You know the feeling after you've been taking antibiotics for a few days? You start feeling all funky and sick to your stomach. That's because while antibiotics kill bad bacteria, they also kill good bacteria, which are probiotics!
What are probiotics?
Probiotics are live microorganisms that live in our digestive system! Probiotics are essential in fighting off the bad, harmful bacteria in our bodies. Health experts believe that probiotics help your body maintain a healthy community of microorganisms, produce substances that have desirable effects, and positively influence your body's immune response!
Other benefits that probiotics have been linked to include:
Reduced risk of disease
Research has shown potential benefits of probiotics in the treatment or prevention of diarrhea, vaginal infections, urinary tract infections, and more!
Bill Dayton, a Personal Trainer at Craig Ranch Fitness + Spa who specializes in nutrition, described the benefits of probiotics:
Defends the lining of the stomach
Improves gut issues
Promotes restful sleep
Promotes brain health
Increases immune system function
Assists with weight loss
In general, just think of probiotics as "good" and "helpful" bacteria. They are your friends, and they boost your health and well-being!
What's the difference between probiotics and prebiotics?
"Probiotics are foods or supplements that contain live microorganisms intended to maintain or improve the 'good' bacteria (normal microflora) in the body," Bill Dayton said.
"Prebiotics, on the other hand, are foods (typically high-fiber foods) that act as food for human microflora," Bill continued. "Prebiotics are used with the intention of improving the balance of these microorganisms."
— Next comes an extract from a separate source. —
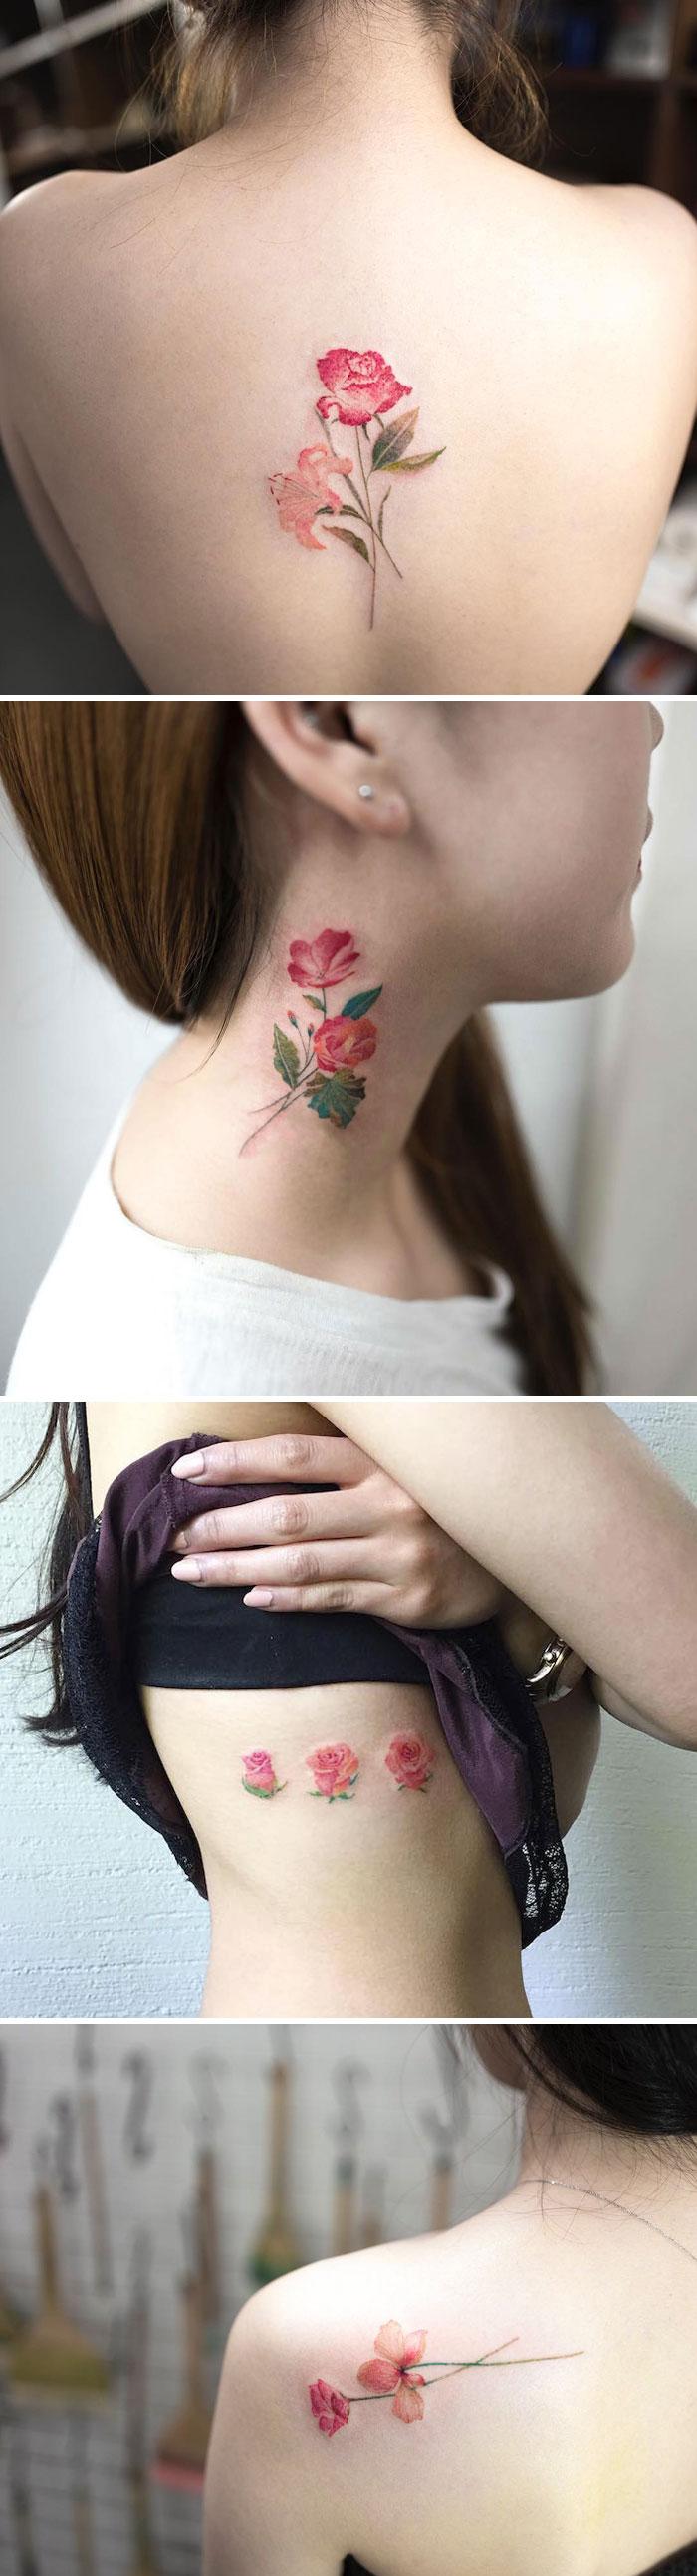 tatuagens-florais (9)

"Probiotics are in foods such as yogurt, cottage cheese, and sauerkraut," Bill said. "Prebiotics are in foods such as whole grains, bananas, greens, onions, garlic, and artichokes."
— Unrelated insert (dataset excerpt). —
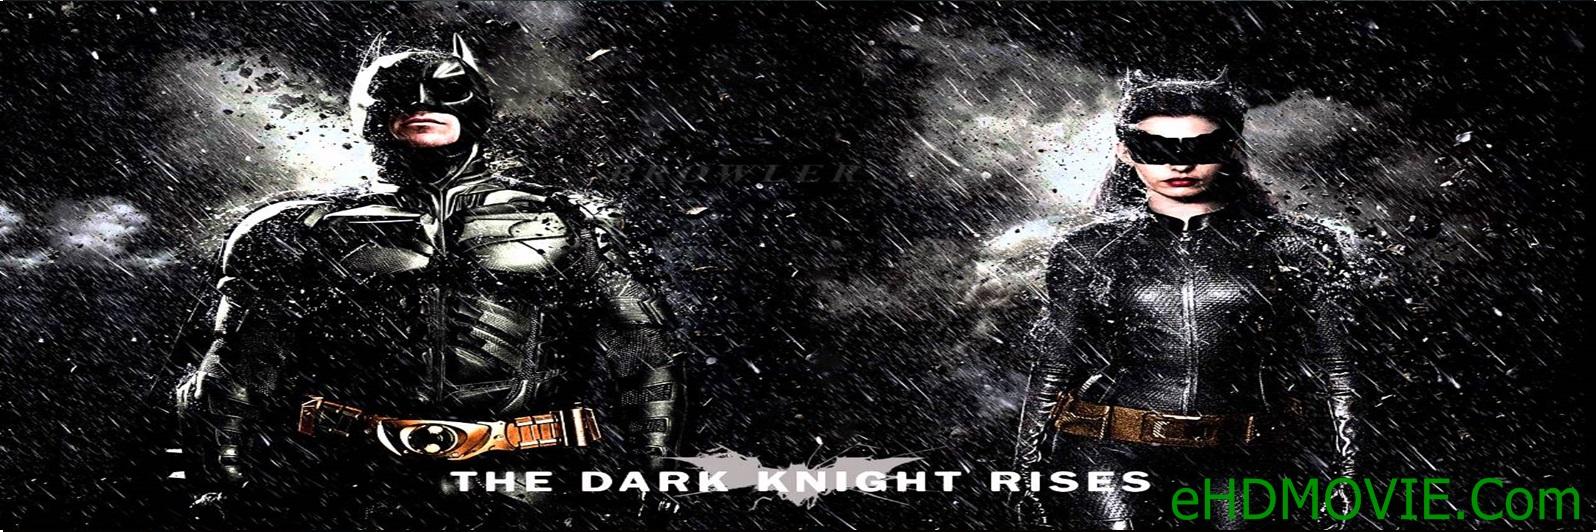 The Dark Knight Rises 2012 Full Movie Dual Audio [Hindi – English] 1080p - 720p - 480p ORG BRRip 400MB - 1.5GB - 3GB ESubs Free Download

To further understand the difference between probiotics and probiotics, I turned to Dr. Nicole Shusterman, a Naturopathic Doctor at Craig Ranch Fitness + Spa. She told me, "Have a rotating group of probiotic foods and supplements, and add in prebiotics to act as 'food' for the beneficial bacteria."
Types of Probiotics
There are a wide variety of probiotic bacteria, but the most common include Lactobacillus (helps with diarrhea and may help people who can't digest lactose) and Bifidobacteria (eases symptoms of Irritable Bowel Syndrome and other conditions).
However, scientists still debate over which probiotics produce which effects. It's best to include a wide range of probiotics in your diet!
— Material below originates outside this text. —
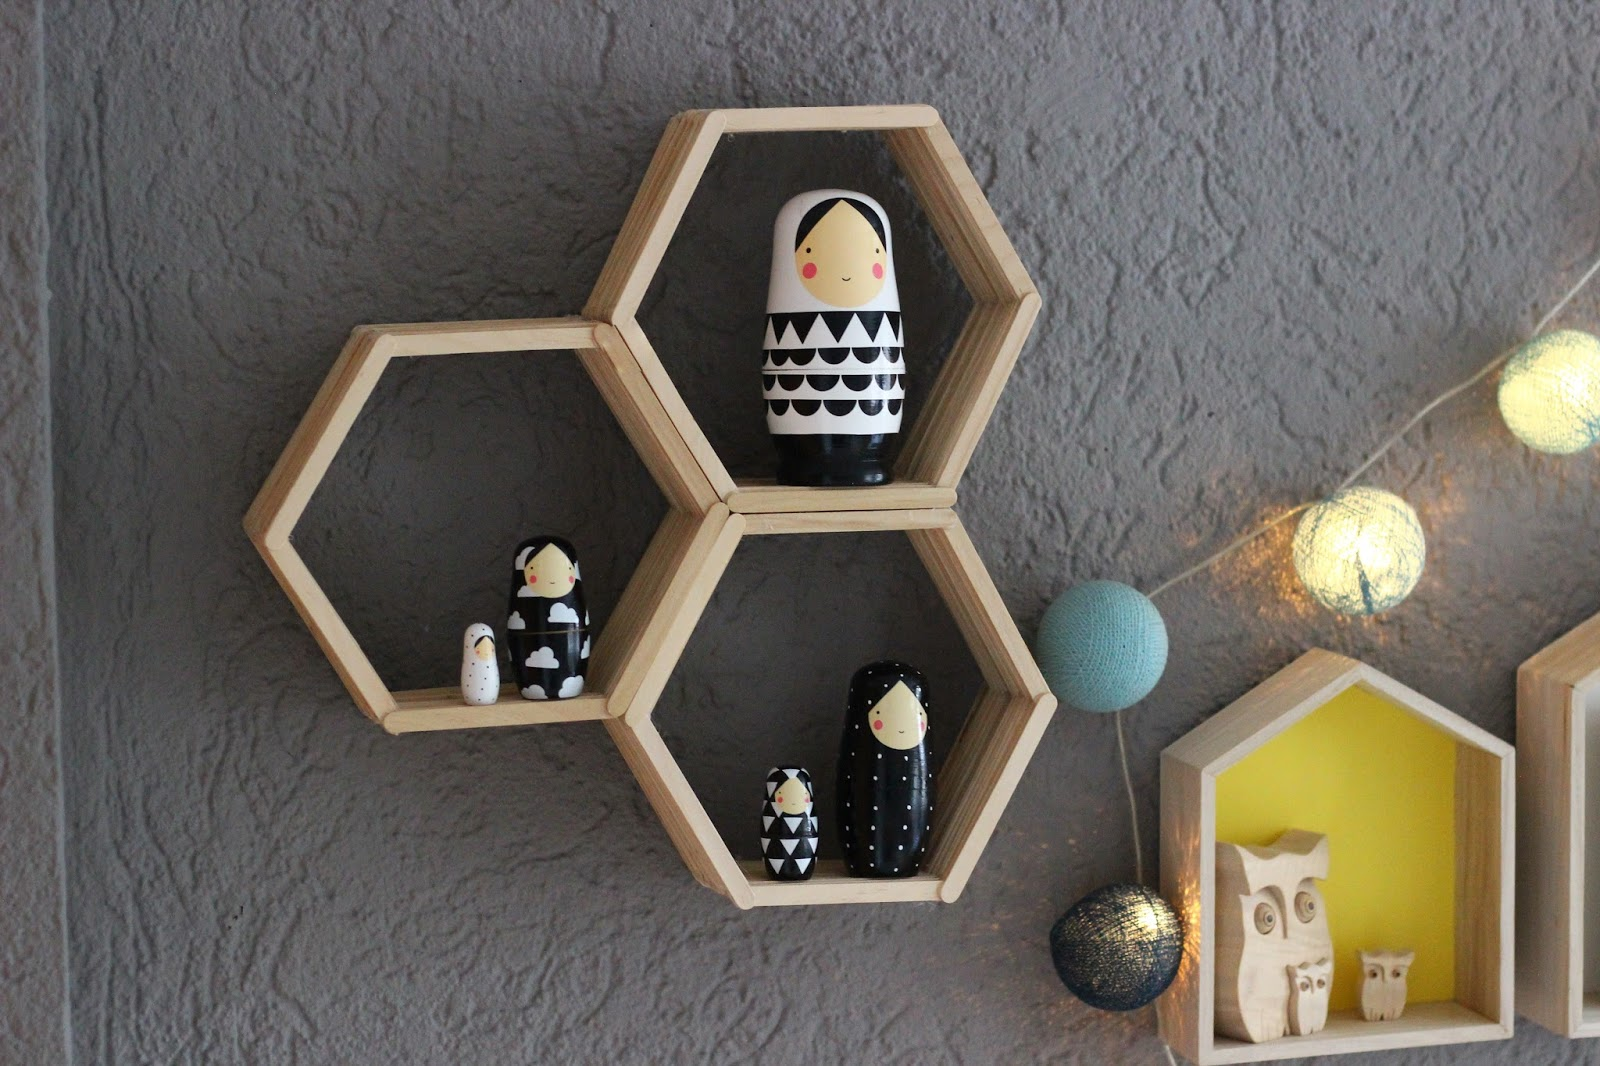 buecherregal design ideen, diy-idee: design-waben-regal aus eisstäbchen | apfelbäckchen, Design ideen

Can probiotics have negative effects?
There are even some scientists who are concerned that probiotics may have negative effects.
"Research is ongoing," Bill said. "The health benefits of currently available probiotics and prebiotics have not been conclusively proved."
"There are certain types of probiotics I would recommend avoiding," Bill said. "For example, limited unique strains, probiotic supplements that require refrigeration, and any that have an absence of clinical studies."
In general though, most scientists agree that probiotics found in food are beneficial. Try adding them into your diet for a few weeks, and see if they make you feel any better!
How should I consume probiotics?
Bill said, "Food is always your best bet. Eat your probiotics!" He warned that probiotic supplements are not FDA approved, which means we really don't know what's in them or if they're safe.
And you've probably seen the probiotic drinks, but as Bill said, stick to incorporating probiotics into your diet. Probiotic drinks won't be as beneficial as foods, but you can still add them in if you want to.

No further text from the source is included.